A 11 de fevereiro de 1986 faleceu em Belo Horizonte, após prolongada
enfermidade, Arthur Versiani Velloso, catedrático de História
da Filosofia da Universidade Federal de Minas Gerais e membro da Academia
Mineira de Letras. Ele foi a própria Filosofia nos anos em
que empolgou centenas de estudantes para os estudos filosóficos
nas suas aulas no Colégio Marconi e na Faculdade de Filosofia da
UFMG. Era um kantista e como admirador de Emmanuel Kant viajou duas
vezes à Alemanha para realizar, em Koenisberg, com o corpo docente
da universidade, a famosa “stoa” kantiana ao túmulo do mestre
alemão. Tal era sua admiração por aquele filósofo
que mandou fazer, em Belo Horizonte, uma réplica, em granito, da
sua pedra tumular onde estão gravadas as imortais palavras com que
é concluída a Crítica da Razão Prática:
“ Duas coisas enchem o meu espírito de admiração
e respeito, sempre novos e crescentes, quanto mais sobre elas reflito:
o céu estrelado sobre mim e a lei moral em mim”.
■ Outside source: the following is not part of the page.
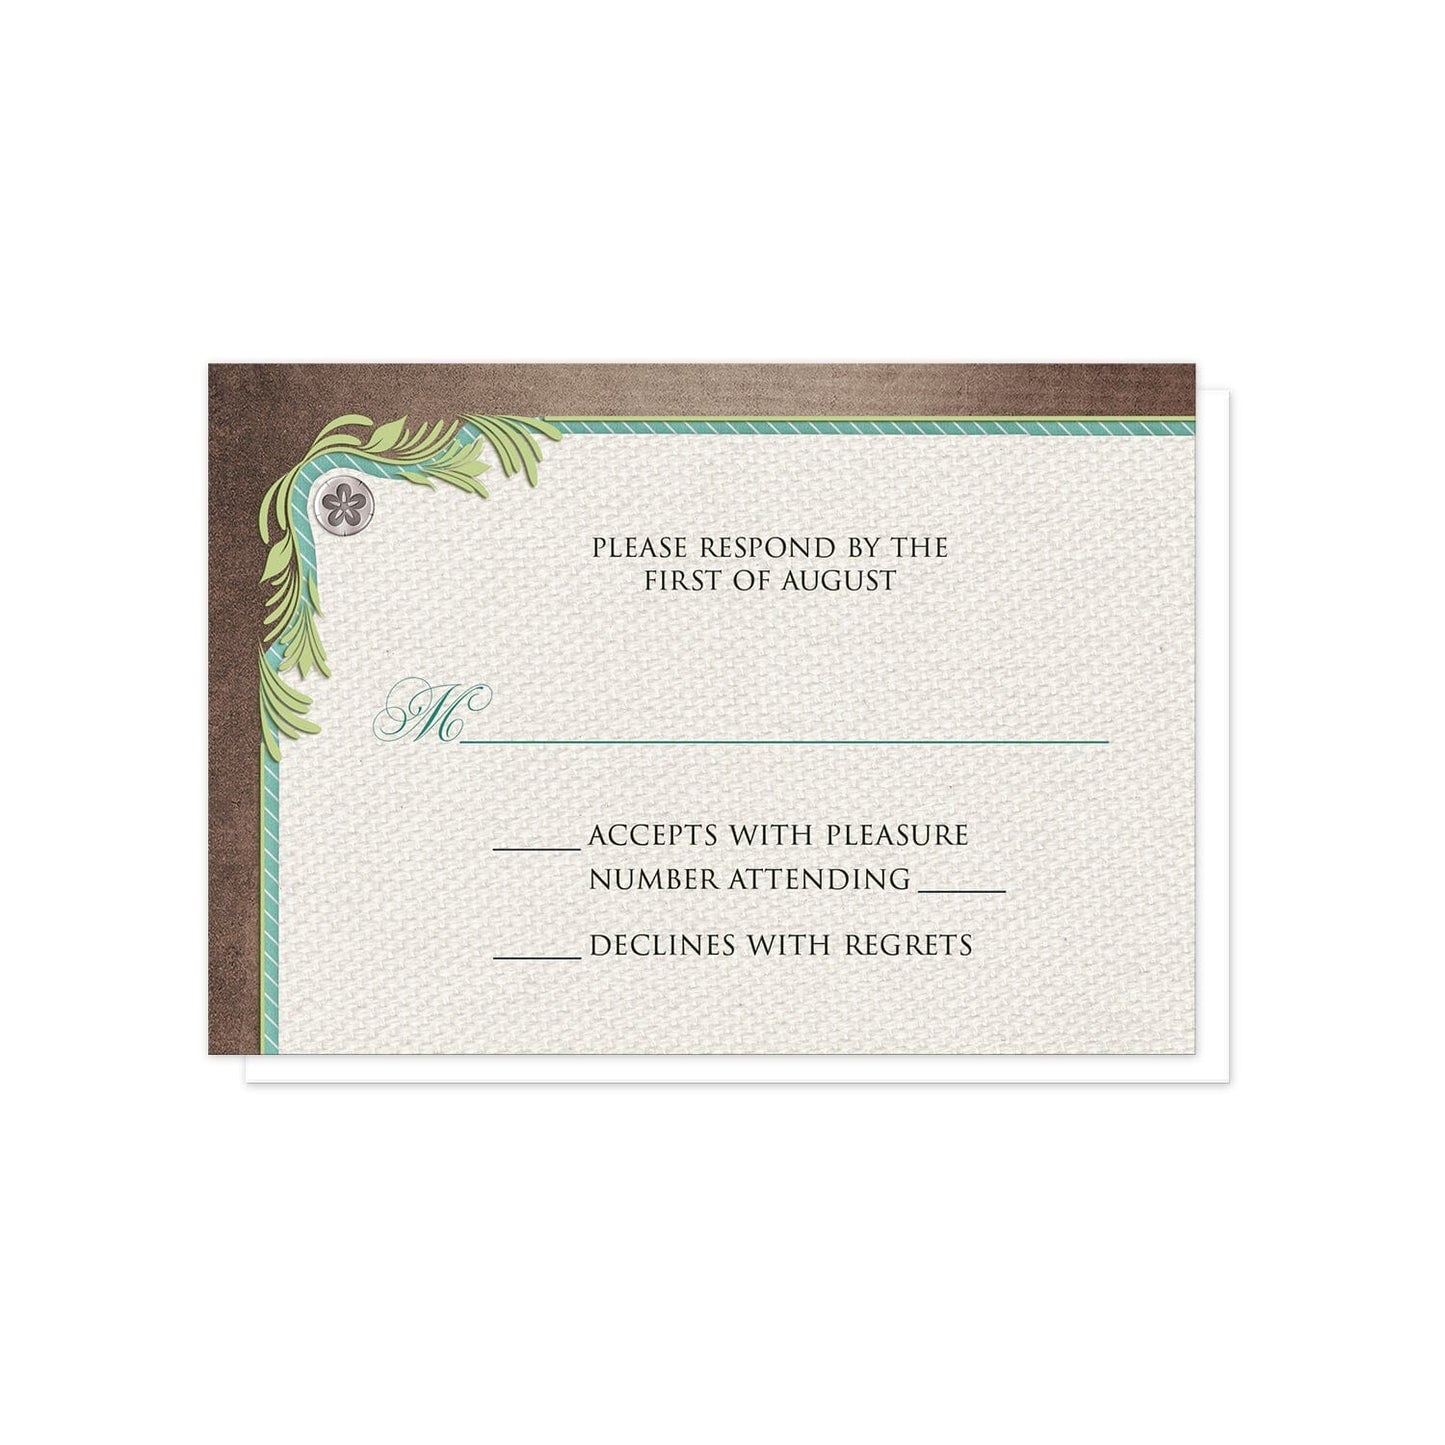 Rustic Succulent Garden RSVP Cards at Artistically Invited.

Na última vez que fui à Faculdade de Filosofia, ainda na
Rua Carangola, vi, no vestíbulo da faculdade,aquela réplica.
Não sei se ainda permanece nas novas instalações
ou se foi relegado a um depósito. Aquela lápide era,
realmente, estranha e inusitada para aqueles que não conhecem sua
história e não respeitam o passado. Tive a honra de
ter Mestre Velloso na minha banca de Doutoramento quando, em 1973, defendi
minha tese de Psicologia Social. Ele foi extremamente atencioso e
gentil ao deslocar-se de Belo Horizonte até Ribeirão Preto.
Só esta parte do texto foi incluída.